For the record, it's built with an expected 450mm axle to crown.....so my guess was 5mm off....


----------



## Ilikemtb999 (Oct 8, 2010)

So did you just use some washers to space out the rear hub for the 135mm spacing?


Wait....14mm disc bmx hub? Am I seeing that right? :lol:


----------



## Ilikemtb999 (Oct 8, 2010)

Also another question; who is making your frames? Standard bykes?


----------



## manual63 (Nov 5, 2006)

Ilikebmx999 said:


> So did you just use some washers to space out the rear hub for the 135mm spacing?
> 
> Wait....14mm disc bmx hub? Am I seeing that right? :lol:


The frame is made for a 135mm hub....so no spacers. Both the BB and spacing is MTB all the way with disc mounts, just like most DJ frames on the market.

The hub is a 14mm axle with disc brake. I wanted to run the 11t driver so I could run my 23t sprocket up front. I filed the axle to allow the frame to slide onto it. Really easy to do. I plan to get a normal 10mm axle hub as soon as I find one with an 11t driver option. I think DMR might make one and Profile too.

We have sold 3 of these right away and have a few pending orders. Since this is a brand new product and we are a newer company, I would say that's pretty good. There frames ride super nice and with the slammed rear end, they pop super easily!


----------



## manual63 (Nov 5, 2006)

Ilikebmx999 said:


> Also another question; who is making your frames? Standard bykes?


Yes, Standard Bykes makes our BMX frames and this frame. Peacock Groove makes our Wirth mountain bike frame, which is designed to be an XC frame for someone who comes from a BMX type background. Very agile and fun to ride all while still comfortable for the long haul.


----------



## Ilikemtb999 (Oct 8, 2010)

manual63 said:


> The frame is made for a 135mm hub....so no spacers. Both the BB and spacing is MTB all the way with disc mounts, just like most DJ frames on the market.
> 
> The hub is a 14mm axle with disc brake. I wanted to run the 11t driver so I could run my 23t sprocket up front. I filed the axle to allow the frame to slide onto it. Really easy to do. I plan to get a normal 10mm axle hub as soon as I find one with an 11t driver option. I think DMR might make one and Profile too.
> 
> We have sold 3 of these right away and have a few pending orders. Since this is a brand new product and we are a newer company, I would say that's pretty good. There frames ride super nice and with the slammed rear end, they pop super easily!
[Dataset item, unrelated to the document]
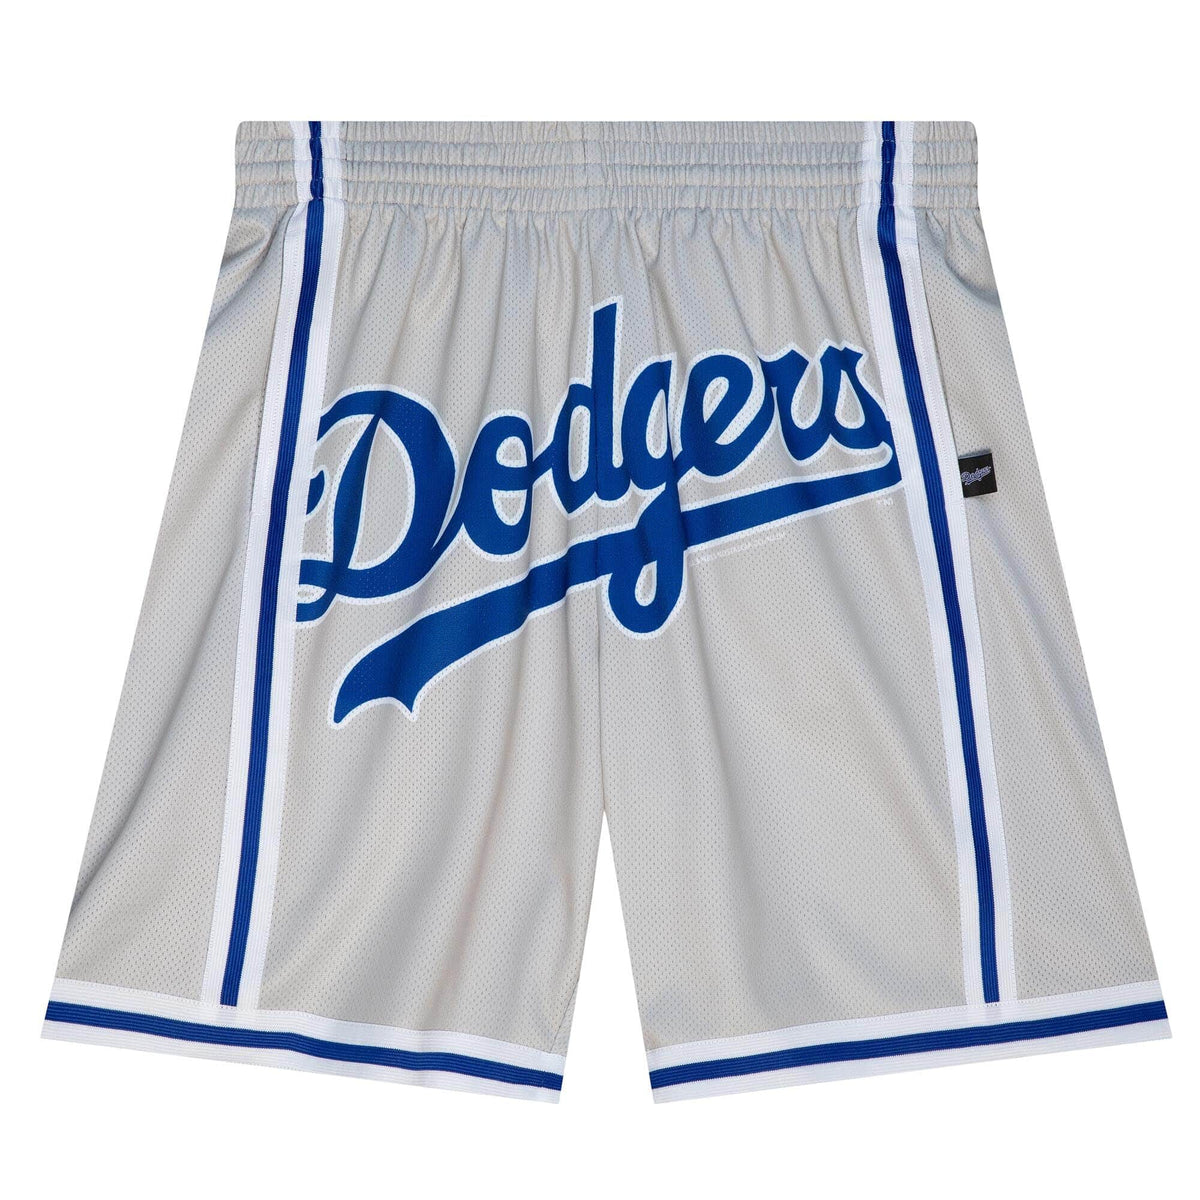 la dodgers shorts

I must have missed it....what hub is it? I just didn't know a 135mm hub with disc mounts and a 14mm axle existed. I've done the file thing before back in the day on a bmx bike. Works well and much better then flat 14mm axles they used to make.



manual63 said:


> Yes, Standard Bykes makes our BMX frames and this frame. Peacock Groove makes our Wirth mountain bike frame, which is designed to be an XC frame for someone who comes from a BMX type background. Very agile and fun to ride all while still comfortable for the long haul.


That's awesome. Those guys really know their stuff for sure! Ill have to check out the rest of your line up


----------



## manual63 (Nov 5, 2006)

Ilikebmx999 said:


> I must have missed it....what hub is it? I just didn't know a 135mm hub with disc mounts and a 14mm axle existed. I've done the file thing before back in the day on a bmx bike. Works well and much better then flat 14mm axles they used to make.


It's an Eastern hub. Came off of a 2007 Night Train I had laying around. This frame is about 2 pounds lighter than my old Night Train frame and about 1 pound lighter than the current frames they make. This frame is also a lot stronger due to it's OX Platinum top and down tubes....which is how we can make them so light at right around 4 1/2 pounds.


----------